**RAW DATA**
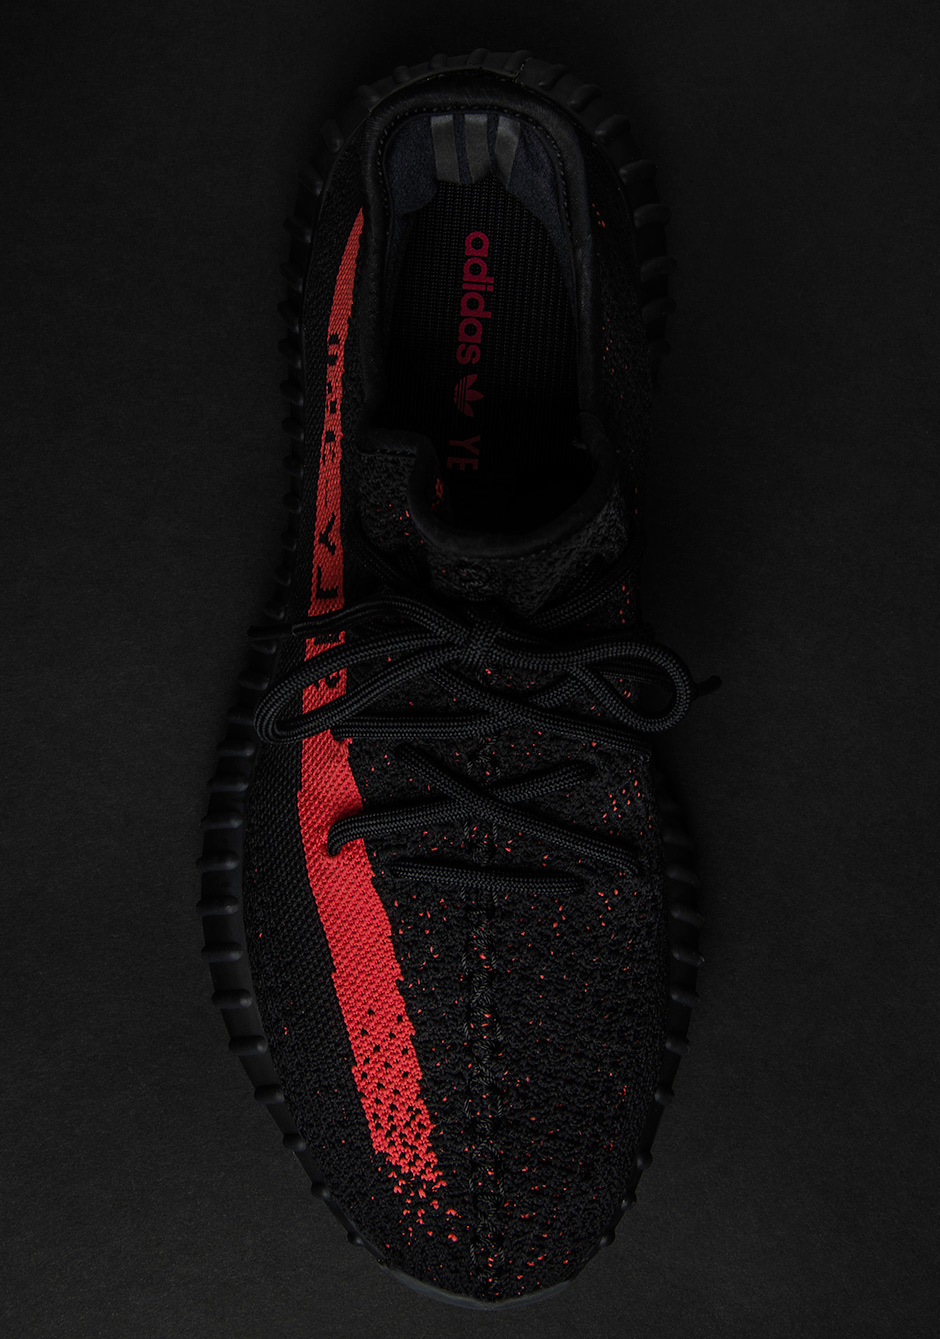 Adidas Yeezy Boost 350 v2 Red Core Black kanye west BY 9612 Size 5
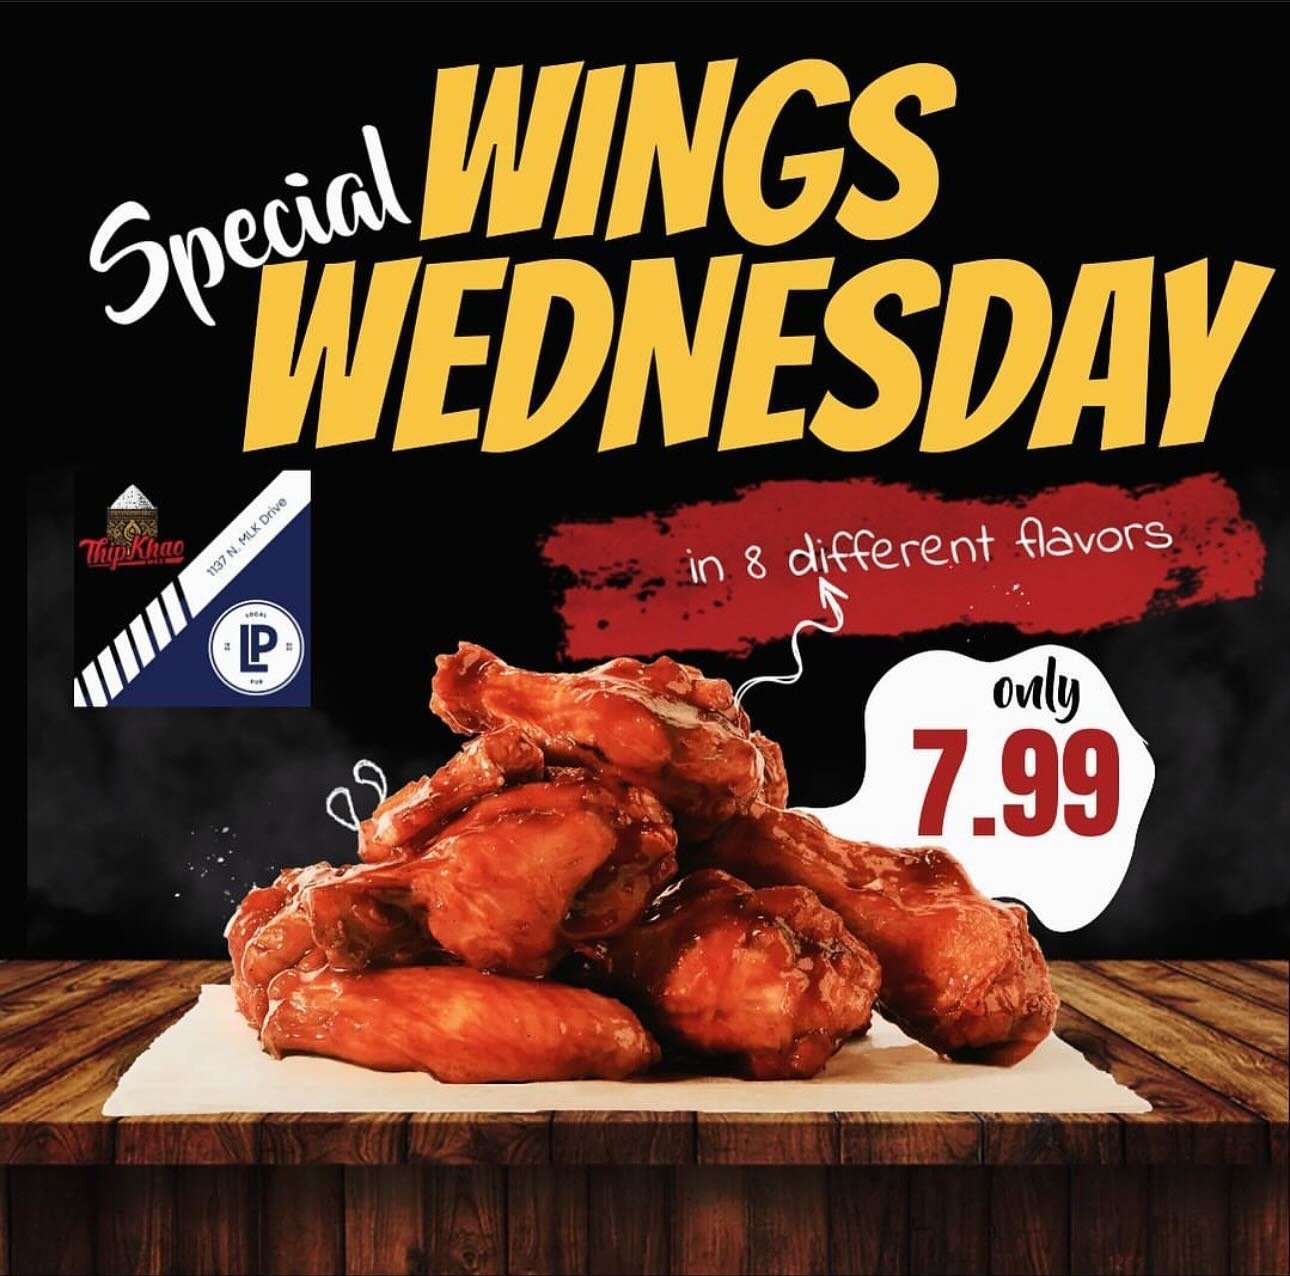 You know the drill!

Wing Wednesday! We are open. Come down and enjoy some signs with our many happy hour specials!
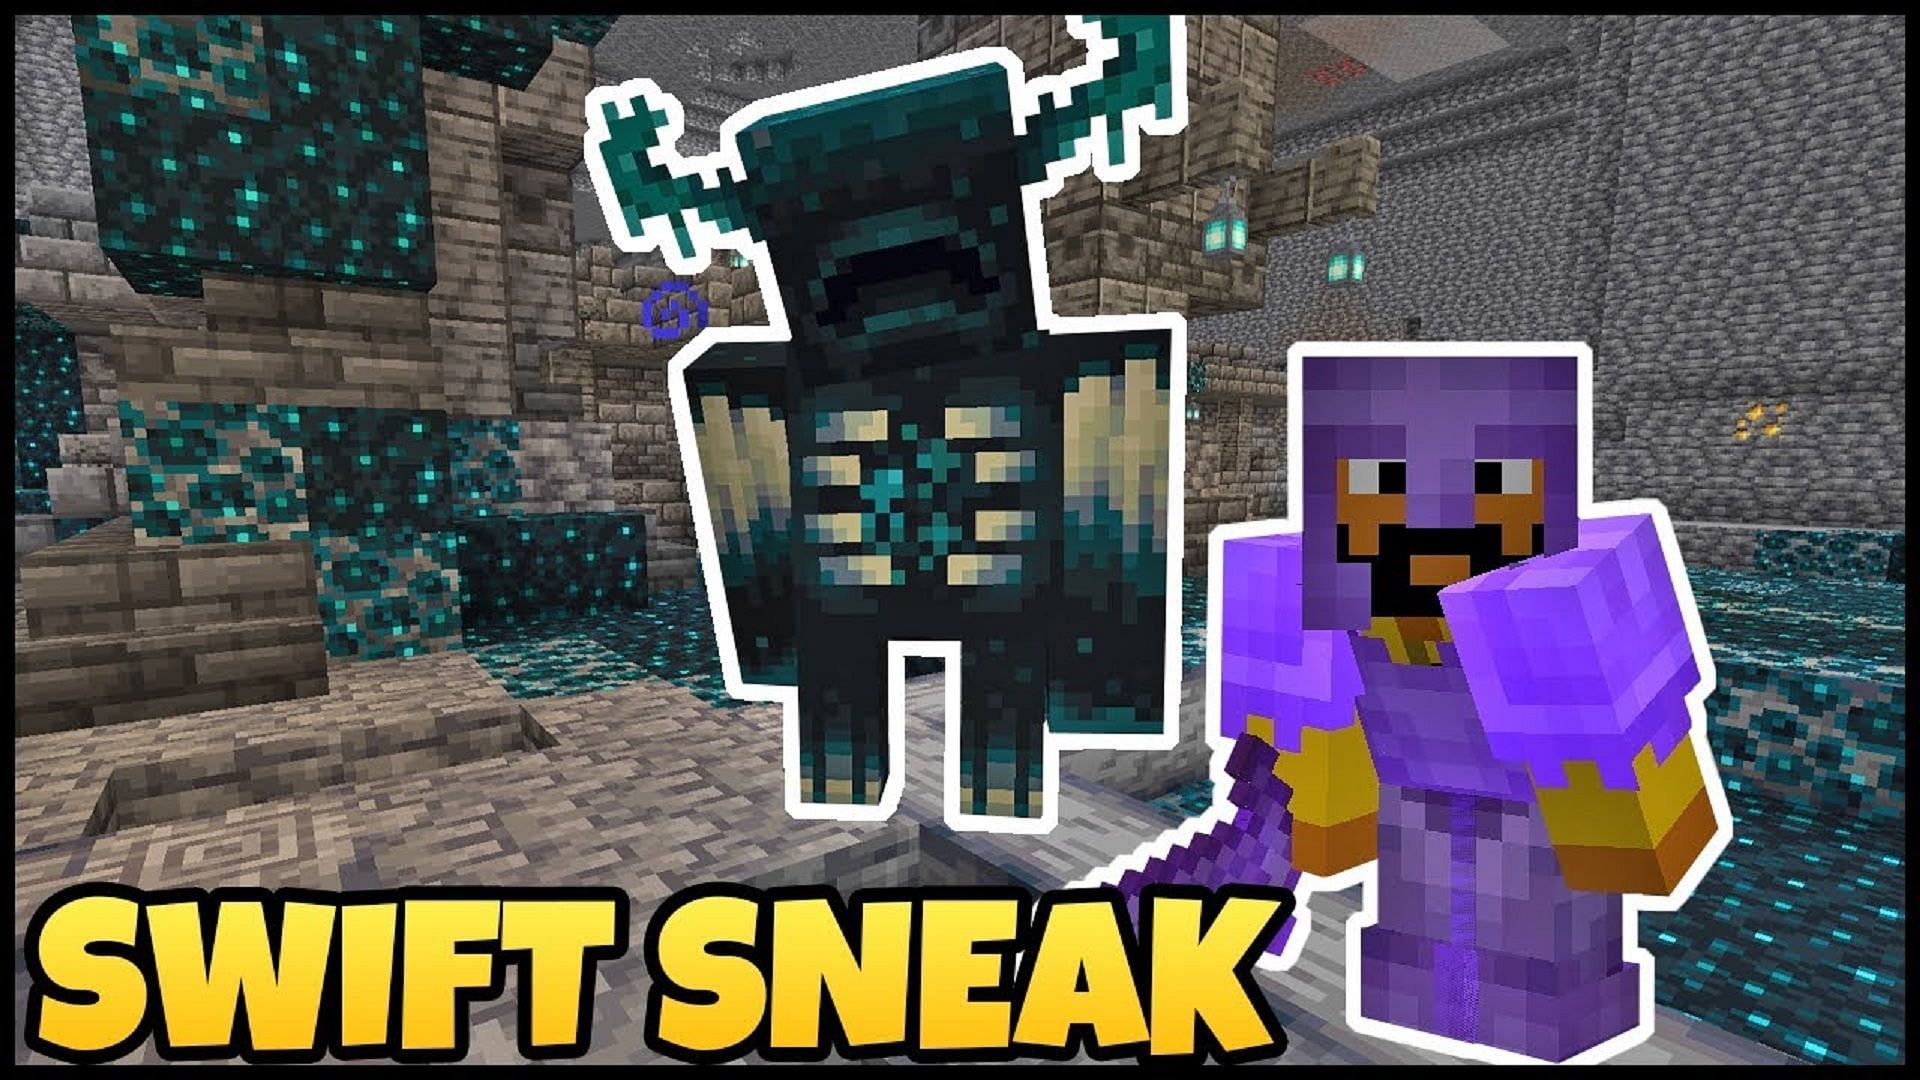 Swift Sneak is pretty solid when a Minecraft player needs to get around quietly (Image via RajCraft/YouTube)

**WHAT TO PRODUCE**
Give the listing again exactly, but omit each image.

**EXERCISE ANSWER**
 Adidas Yeezy Boost 350 v2 Red Core Black kanye west BY 9612 Size 5
 You know the drill!

Wing Wednesday! We are open. Come down and enjoy some signs with our many happy hour specials!
 Swift Sneak is pretty solid when a Minecraft player needs to get around quietly (Image via RajCraft/YouTube)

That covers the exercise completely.